-Re: best way to make all hdfs records in one file under a folder?
Jeff Lord 2014-01-20, 21:46
If you don't intend to roll based on # of events than you will want to set
rollCount to 0.
MyAgent.sinks.HDFS.hdfs.rollCount = 0
On Mon, Jan 20, 2014 at 12:35 PM, Jimmy <[EMAIL PROTECTED]> wrote:
> Seems like the only reason is "too many files" issue, correct?

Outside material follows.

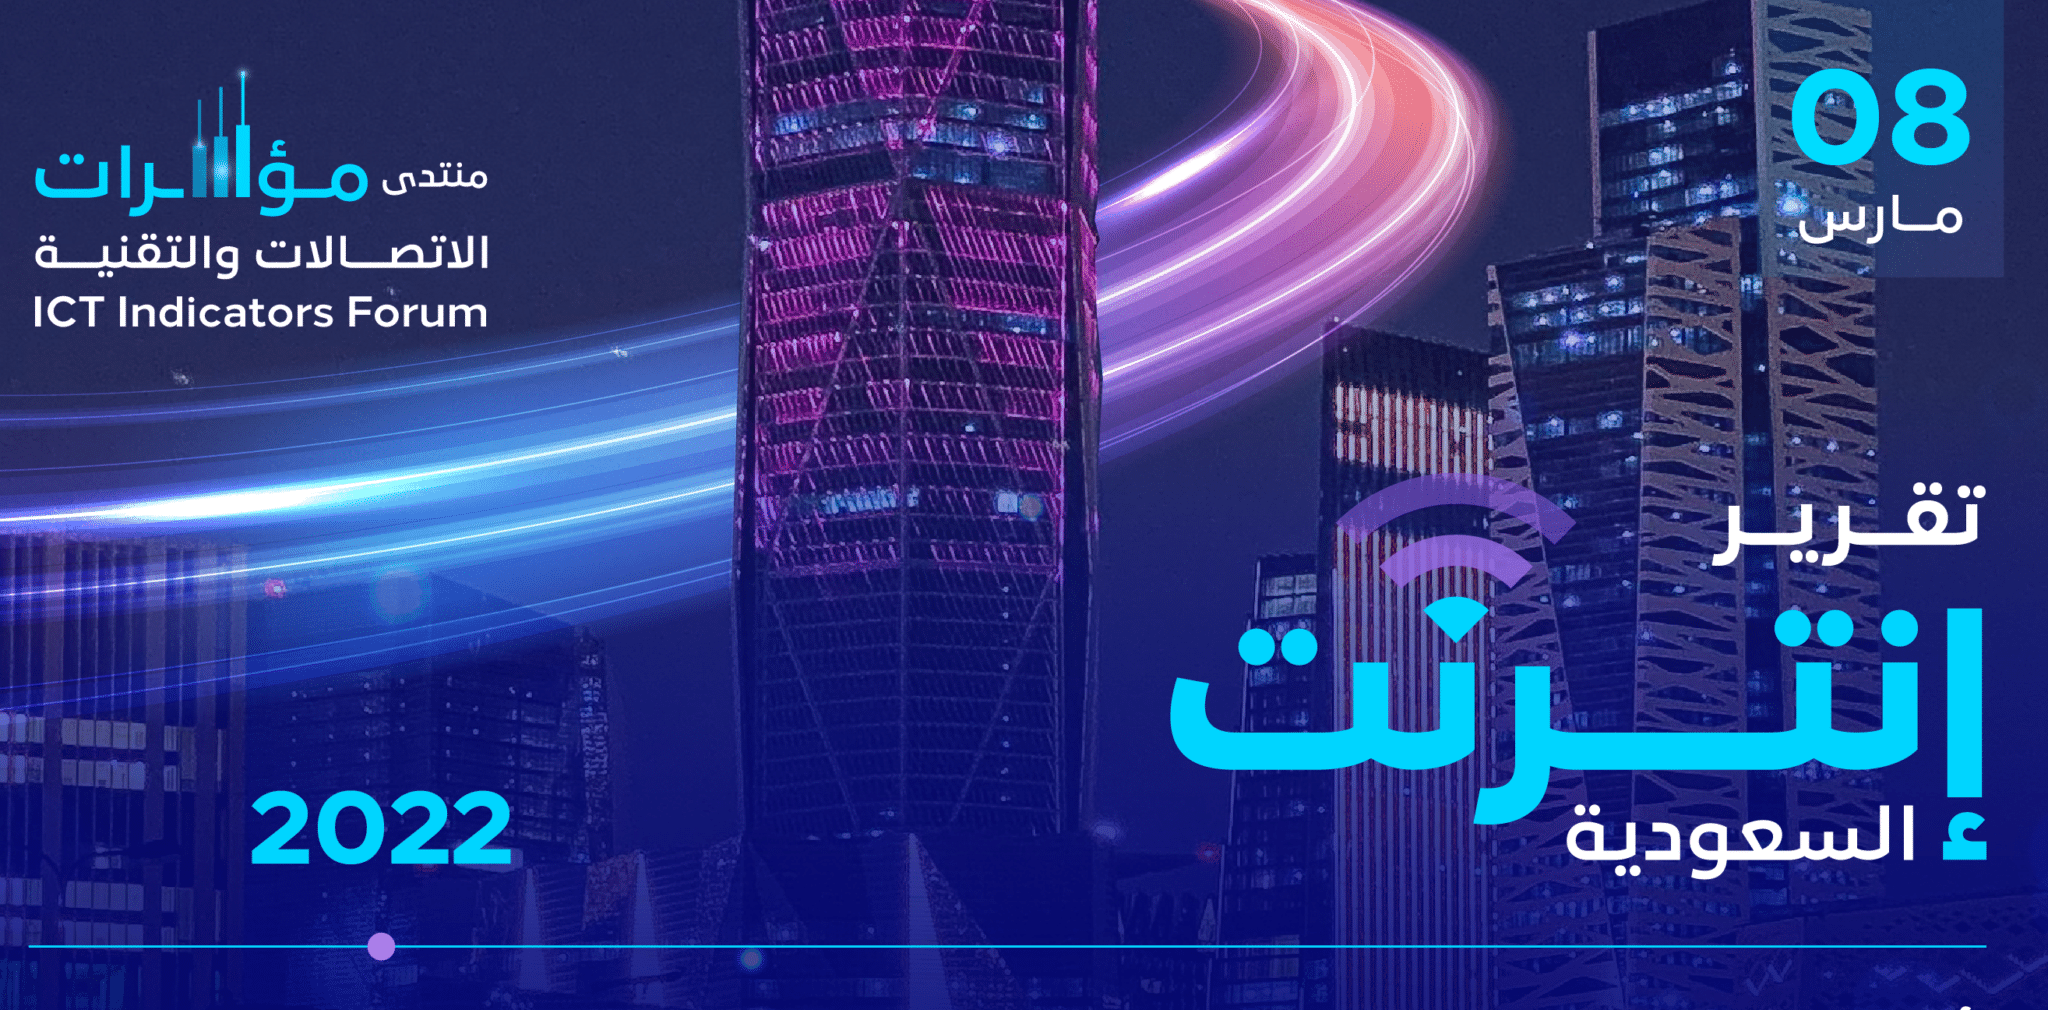 هيئة الاتصالات والفضاء والتقنية تصدر تقرير «إنترنت السعودية»

> File Crusher executed regularly might be better option than trying to tune
> it in flume
> ---------- Forwarded message ----------
> From: Chen Wang <[EMAIL PROTECTED]>
> Date: Mon, Jan 20, 2014 at 11:21 AM
> Subject: Re: best way to make all hdfs records in one file under a folder?
> To: [EMAIL PROTECTED]
> Its by every 6 minutes(thats why i set the roll time to be 60*5=300. the
> data size is around 15M. Thus I want them all in one file.
> On Mon, Jan 20, 2014 at 10:57 AM, Christopher Shannon <
> [EMAIL PROTECTED]> wrote:
>> How is your data partitioned, by date?
>> On Monday, January 20, 2014, Chen Wang <[EMAIL PROTECTED]>
>>> I have flume setup to flow partitioned data to hdfs, each partition has
>>> its own file folder. Is there a way to specify all the data under one
>>> partition to be in one file?
>>> I am currently using
>>> MyAgent.sinks.HDFS.hdfs.batchSize = 10000
>>> MyAgent.sinks.HDFS.hdfs.rollSize = 15000000
>>> MyAgent.sinks.HDFS.hdfs.rollCount = 10000
>>> MyAgent.sinks.HDFS.hdfs.rollInterval = 360
>>> to make the file roll on 15m data or after 6 minute.
>>> Is this the best way to achieve my goal?